Presenting raw counts and trends does justify the existence of the device producing the logs. For example, a SPAM blocking appliance that was able to graph out the amount of stopped SPAM emails is interesting, but what a business manager would want to know is how much real SPAM got through and was there an impact to the business? Similarly, an IPS will gladly tell you about all of the various events it stopped, but it is the events that got through undetected which are the most concerning.
Tracking internal abuse activity is also something that is difficult to audit as the act of tracking an individual can be a political issue as well as a technical one. Many organizations I've dealt with that have DLP monitoring teams report directly to the HR group. I think this is an interesting trend, as any data leakage event could really be a violation of some sort of company policy.
I have yet to see a SIM, NIDS or DLP technology in production that has been configured so well and has such a low false positive rate, that it's results get sent in real time to any consumer outside of the security monitoring or technical staff. More often, I see this technology leveraged by human operators which make the final informed decision to start considering an event or alert an incident.
Tracking Policy Violations
Regardless if policy violations are detected and reported through an automated system or through a human observation, they deserve unique incident tracking as compared to a security incident. Their uniqueness comes from the fact that most policies are black and white.
This is not a tongue and cheek comment. Compared to a network IDS signature for a zero day attack or some sort of behavioral anomaly system, detecting deviations from acceptable configuration settings, network activity, lists of authorized users and so on is much simpler. These policy violations should also have instantly recognizable penalties, such as taking HR action, reducing budget and so on.

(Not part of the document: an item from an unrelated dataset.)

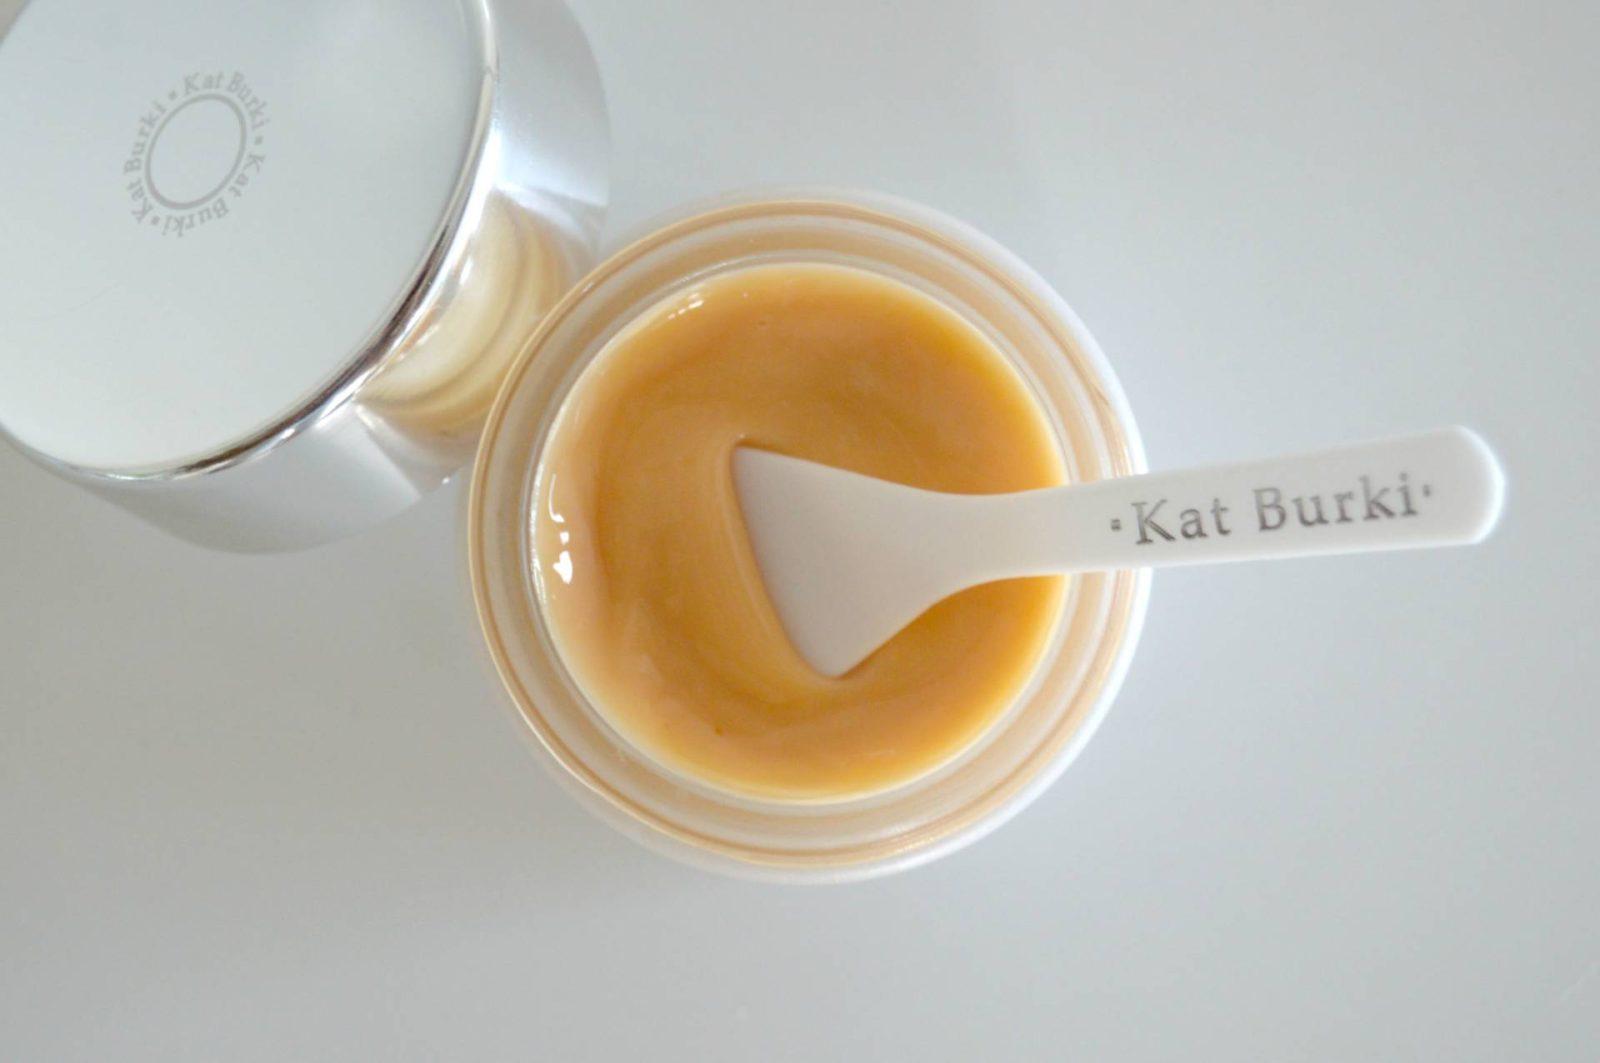 Kat Burki Complete B Bio-Correcting Face Crème

If your organization is governed by PCI, FISMA, NERC or other types of regulations, then tracking violations of these policies is something that your management will be looking for. In more sophisticated environments, one type of monitoring activity could be applicable to multiple regulations.
Proving a Negative
One last thought I'd like to leave with readers is to structure what they consider an event around the "proof" that they are secure. Proving that you are secure is sort of like proving a negative, because there may have always been something that was missed. However, if you read through Richard Bejtlich's list of ways one can "prove" that things are OK, this could give your organization a list of items that need to be reported on in an automated fashion.
I've suggested this sort of approach to some of our customers and I've gotten the complaint that this type of monitoring is too invasive and has an impact on the operational business. I could not disagree more and feel that most organizations who claim this either don't have enough resources to run their network, or they don't have the proper priorities from senior management.

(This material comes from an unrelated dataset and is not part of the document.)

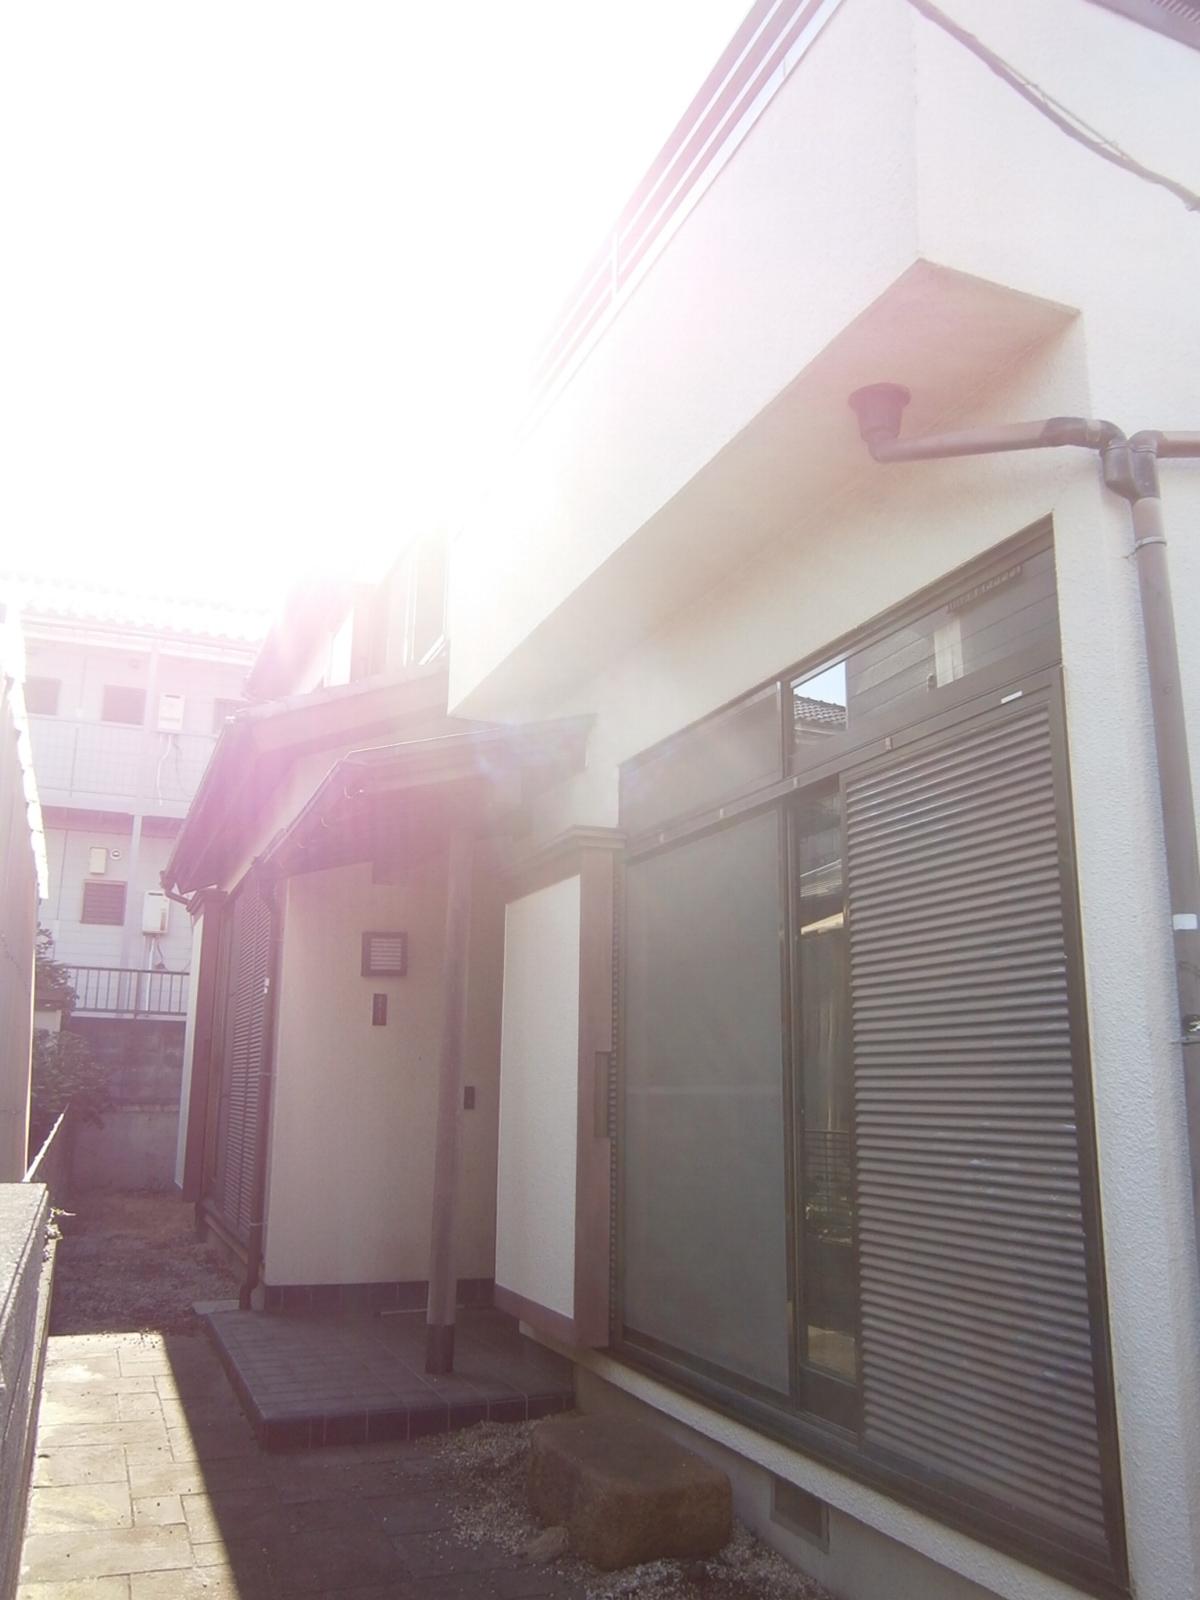 http://www.lifeplanet.jp/work/P9140015.JPG

I tell Tenable customers to follow these guidelines:
- Produce graphs and charts that show your monitoring and log collection systems are indeed working and trending over time. You have to do this to justify current solutions and perhaps to obtain coverage for places in your network you don't have visibility.
- Produce unique reports on the unique types of policy violations that are driven by regulatory compliance or internal corporate IT governance.
- Manually track historic and open "incidents". Pull in data from your monitoring solution, but don't let your monitoring solution automatically conclude what is an incident that management needs to be aware of.
- Consider if your organization and operations has situations where offering continued "proof" that your network is secure.